Cultures are an effective method for identifying non-albicans vaginal infections. Urinalyses are less accurate in this process. The culture may take several days to grow, but the identification of the yeast species is quick once the yeast is isolated. Skin disease diagnosis is difficult, as cultures collected from swabs and biopsies will test negative for fungus and a special assessment is required. Listed under the 'Rare Diseases' database on the NIH web site, Torulopsis glabrata, or N. glabratus can also be found on the CDC's web site. Although listed as the second most virulent yeast after Candida albicans, the fungus is becoming more and more resistant to common treatments like fluconazole. N. glabratus resistance to Echinocandin is also increasing, leaving expensive and toxic antifungal treatments available for those infected. Although high mortality rates are listed, assessment of the critical nature of a glabrata infection is a gray area.
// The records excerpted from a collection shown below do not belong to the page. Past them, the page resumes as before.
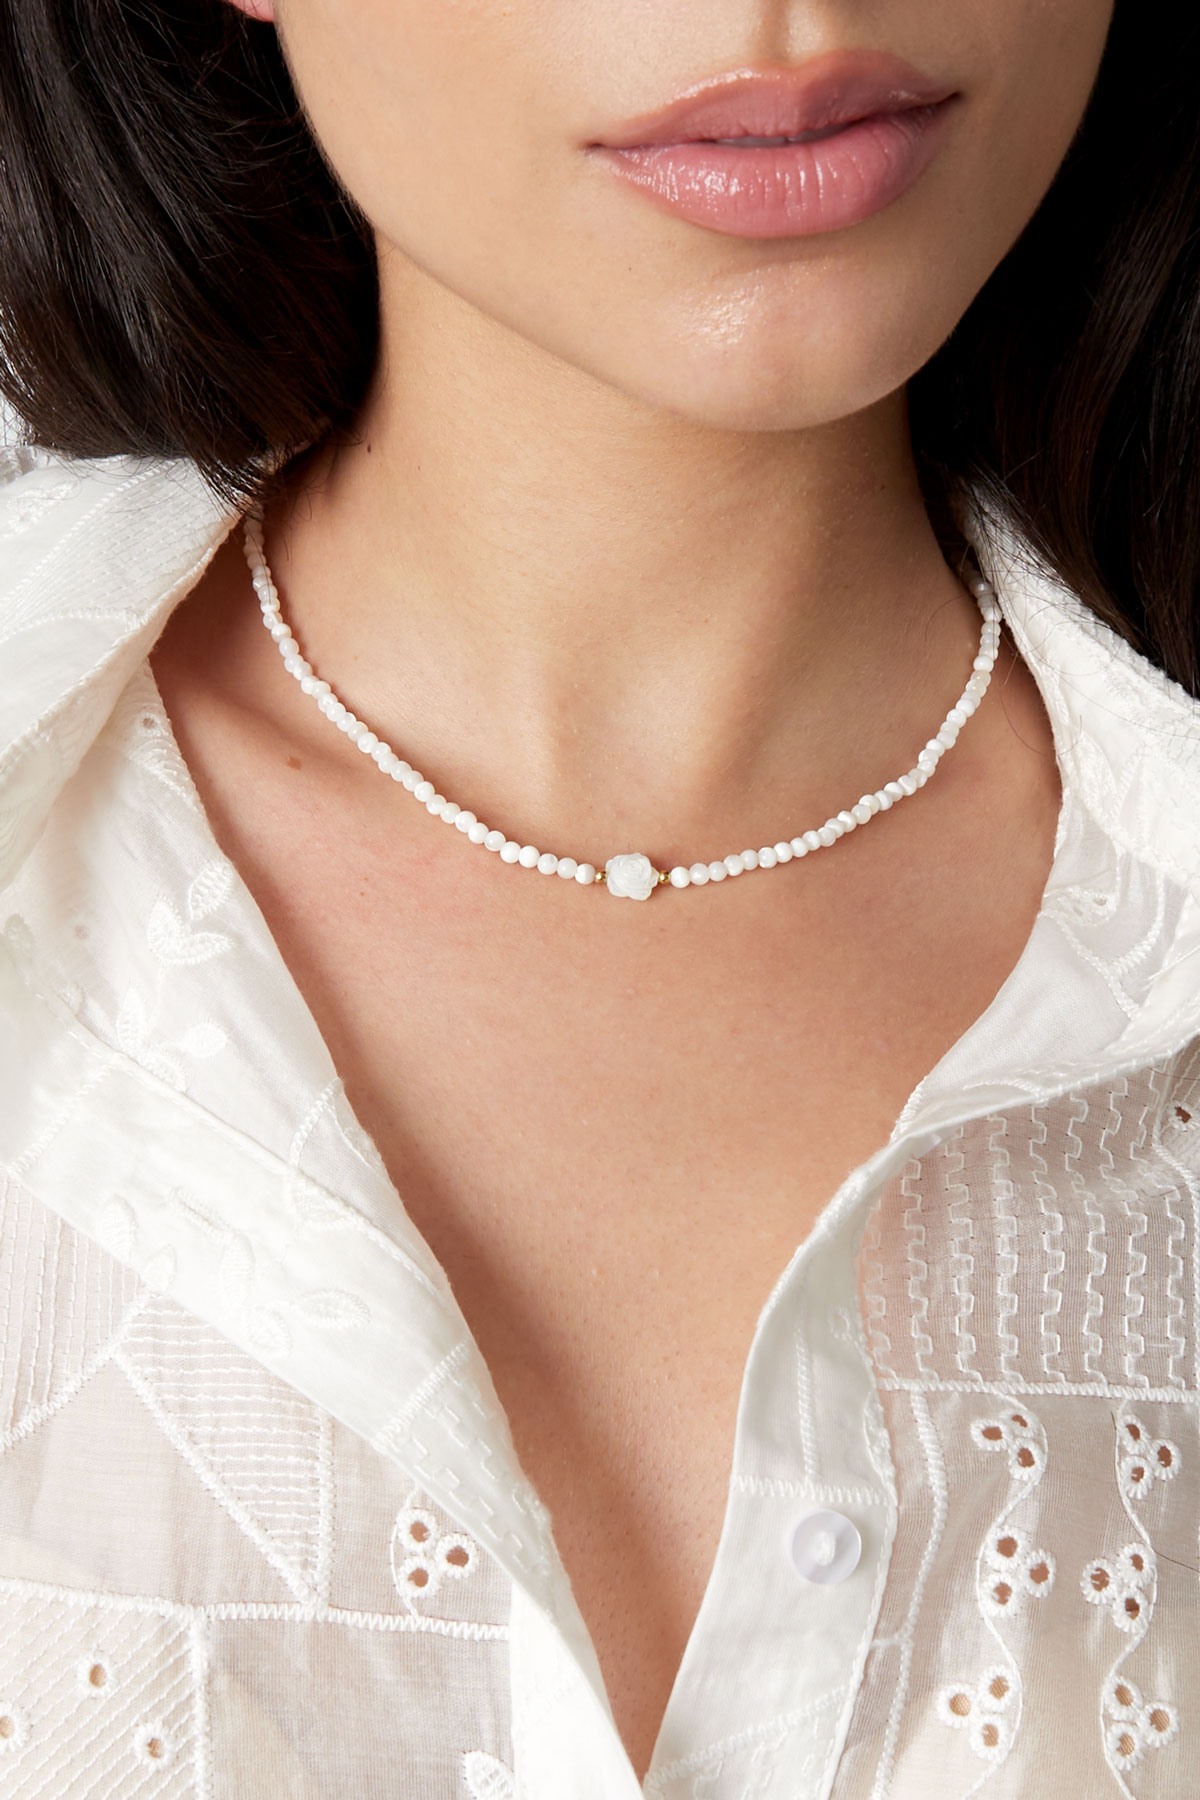 Collier perles blanches - blanc/or Image3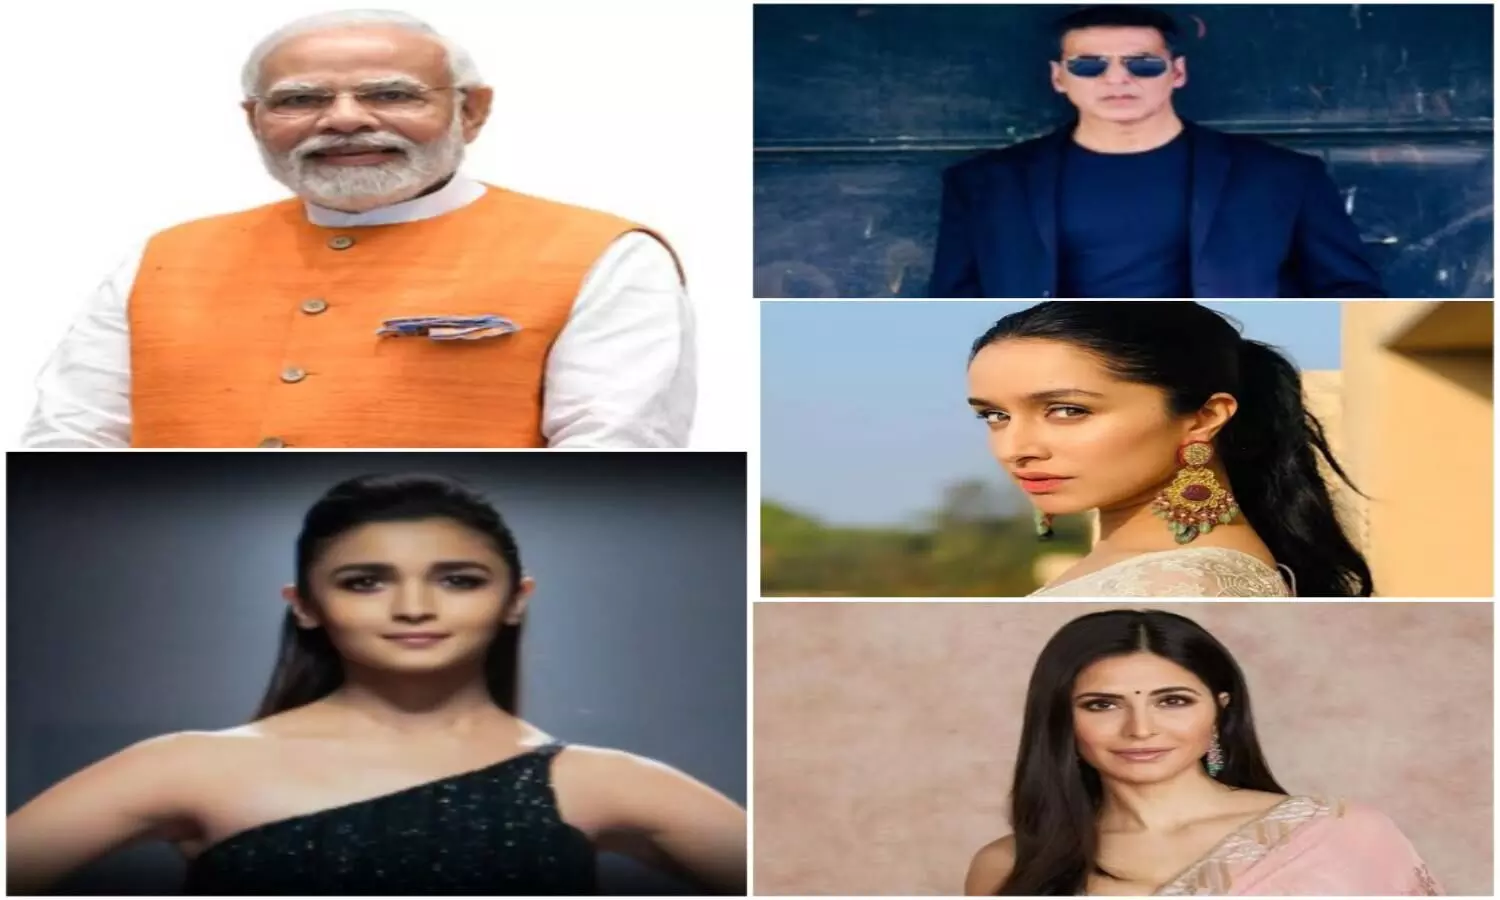 Top 10 Most Followed Instagram Accounts in India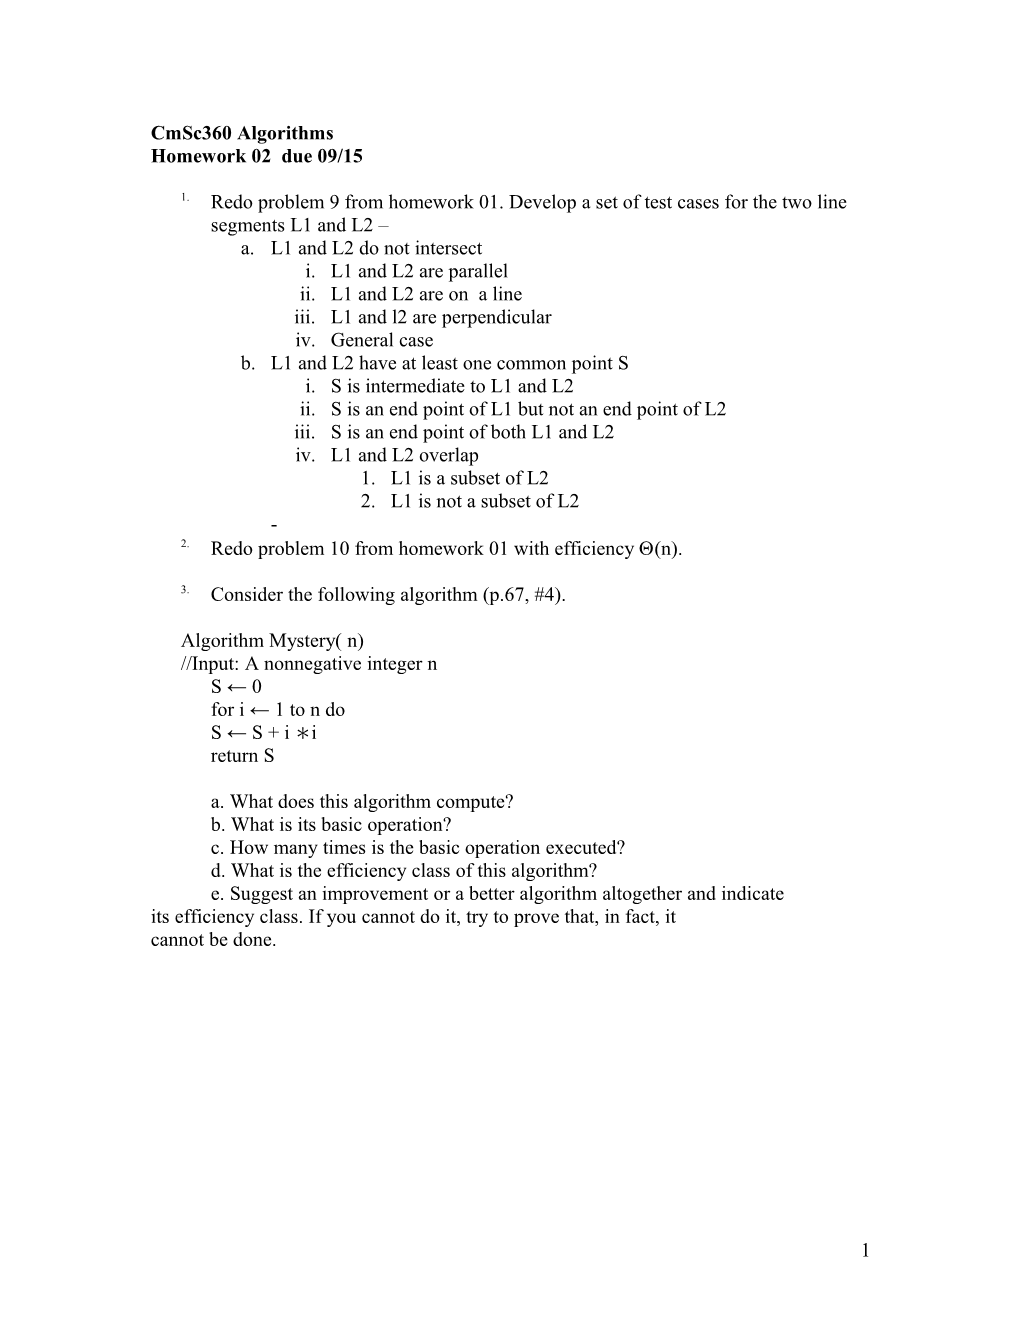 Redo Problem 9 from Homework 01. Develop a Set of Test Cases for the Two Line Segments

N. glabratus ferments and assimilates only glucose and trehalose, opposing to Candida species and this repertoire of sugar utilization is used by several commercially available kits for identification.

==Treatment==
A major phenotype and potential virulence factor that N. glabratus possesses is low-level intrinsic resistance to the azole medications, which are the most commonly prescribed antifungal (antimycotic) medications. These medications, including fluconazole and ketoconazole, are "not effective in 15–20% of cases" against N. glabratus. It is still highly vulnerable to polyene medications such as amphotericin B and nystatin, along with variable vulnerability to flucytosine and caspofungin. However, intravenous amphotericin B is a medication of last resort, causing among other side effects, chronic kidney failure. Amphotericin B vaginal suppositories are used as an effective form of treatment in combination with boric acid capsules as they are not absorbed into the bloodstream.

A first-line treatment for vaginal infections may be the use of terconazole 7-day cream. Several courses may be needed. The cure-rate for this treatment is approximately 40%. Recurrences are common, causing chronic infections and spread to other areas such as skin and scalp. Blood infections might be best assessed per symptoms if other areas are involved.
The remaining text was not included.